The breathing thing for you, can really help, singing helps as well.

Will he swim, or get in water, outdoor swimming is now getting scientific interest to help with mental health and honestly I find just a couple of lengths of our local lido my mood has completely lifted.

billybagpuss · 25/04/2019 08:07

www.bbc.co.uk/news/health-45487187

This is an article to the bbc for cold water swimming and it’s links to reduce depression and anxiety. The lady in the original program posts from time to time on a fb page I follow and last time I saw her post she was still doing it and it was still working.

billybagpuss · 25/04/2019 08:09

@dainty how is dd today?
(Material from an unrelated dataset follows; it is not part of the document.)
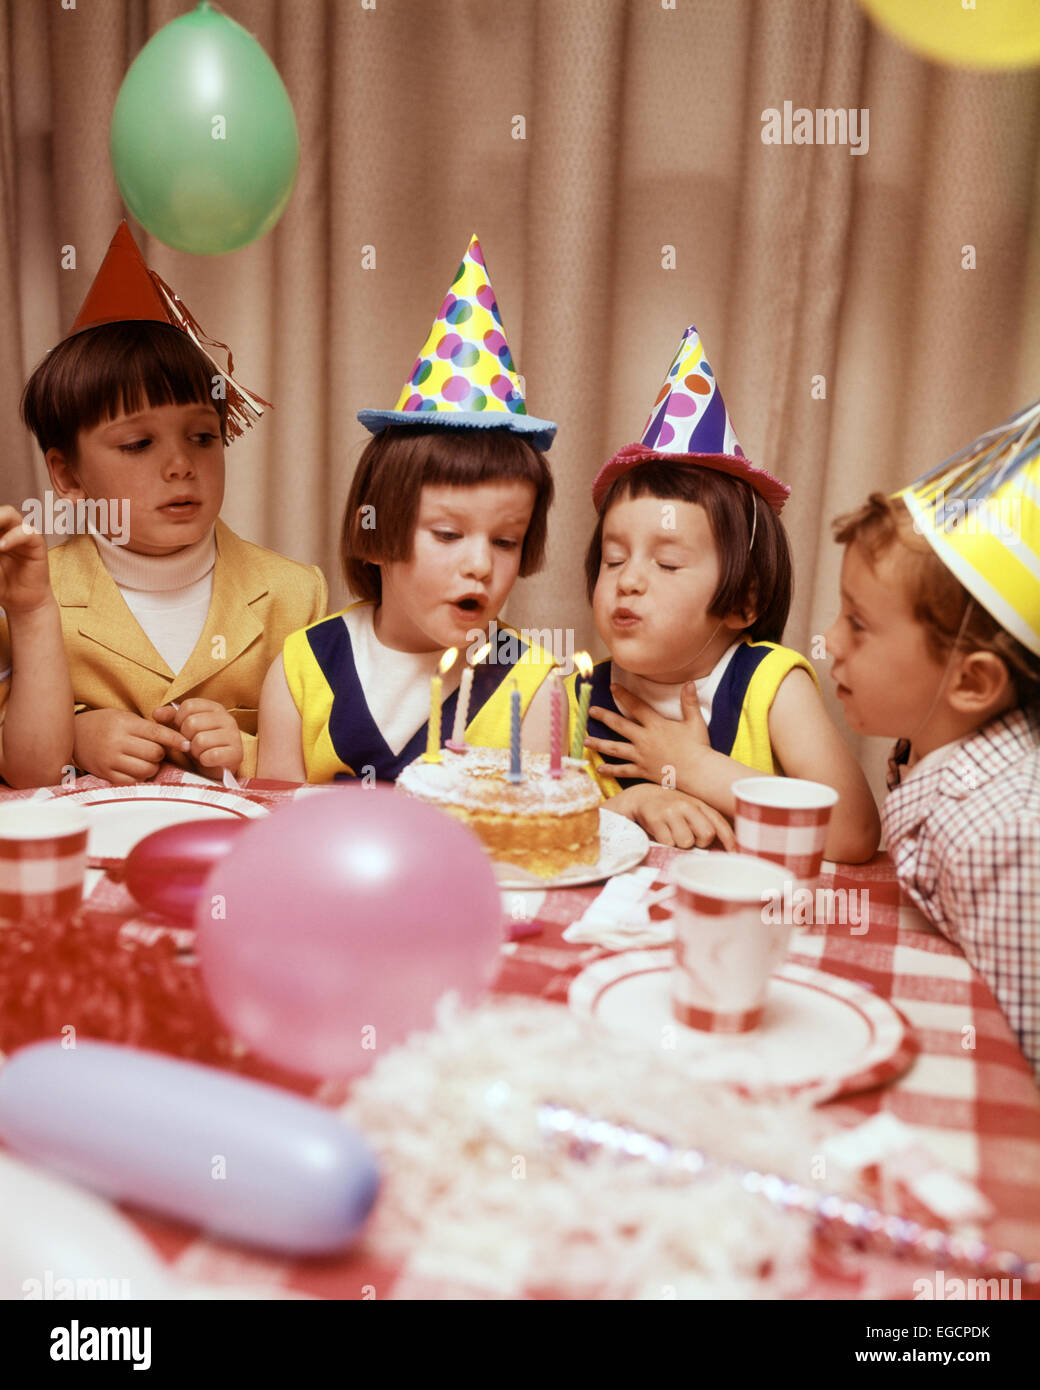 Birthday Cakes Twins Boy Girl Stock Photos Amp Birthday

Really good luck with interview 💐

LightandAiry · 25/04/2019 08:36

Billy thanks great suggestions. We've been to see GP x3 times and again soon. She suggested a local youth counselling service, very long waiting list & they basically said not they're not available after college. We will go private if college are no help. Ds is up and down. I love the idea of wild swimming. I have a friend who does it, but ds turns down anything I suggest. However will look at link, thanks. He knows he needs to do some prep for uni though and I'm confident he may get involved with a local wildlife trust. All x'd.

Good to hear the cbt helped your dd. Does she have other sessions booked?

billybagpuss · 25/04/2019 09:24

She only had the 4 sessions and a number of B12 injections which also made a big difference but they’ve changed the lower level now so it’s harder to get them.

billybagpuss · 25/04/2019 09:28

We couldn’t even get through on the phone to the youth counselling service let alone far enough to talk to people about waiting lists.

It’s absolutely shocking, but in fairness to them it’s not something they could have predicted or budgeted for I think the last 10 years have seen such a massive spike it’s come as a shock all round,

Whoops75 · 25/04/2019 09:55

Things have been ok this week, we’re still no closer to finding a school 😬

CAHMS cancelled his first 1:1 session today due to illness. I’m so disappointed, hopefully the rest will happen.

Xeroxarama · 25/04/2019 09:55

@daintytoes what a horrible thing- i hope you’re coping and that perhaps this shocks dd into some sense. I’m feeling frustrated here with the many suggestions I have to help ds- find a male role model, do more sport, find family activities you all enjoy, - all either impractical or he won’t do them. Feel like we’re trapped in our little hell, sometimes, with him lashing out. On phones, I do check and I insist on findmyfriends too. I hope to move away from it but he is doing a lot of stupid/risky stuff and we’re in a big city where teens can easily find trouble. Not sure he’s hearing anything I say though.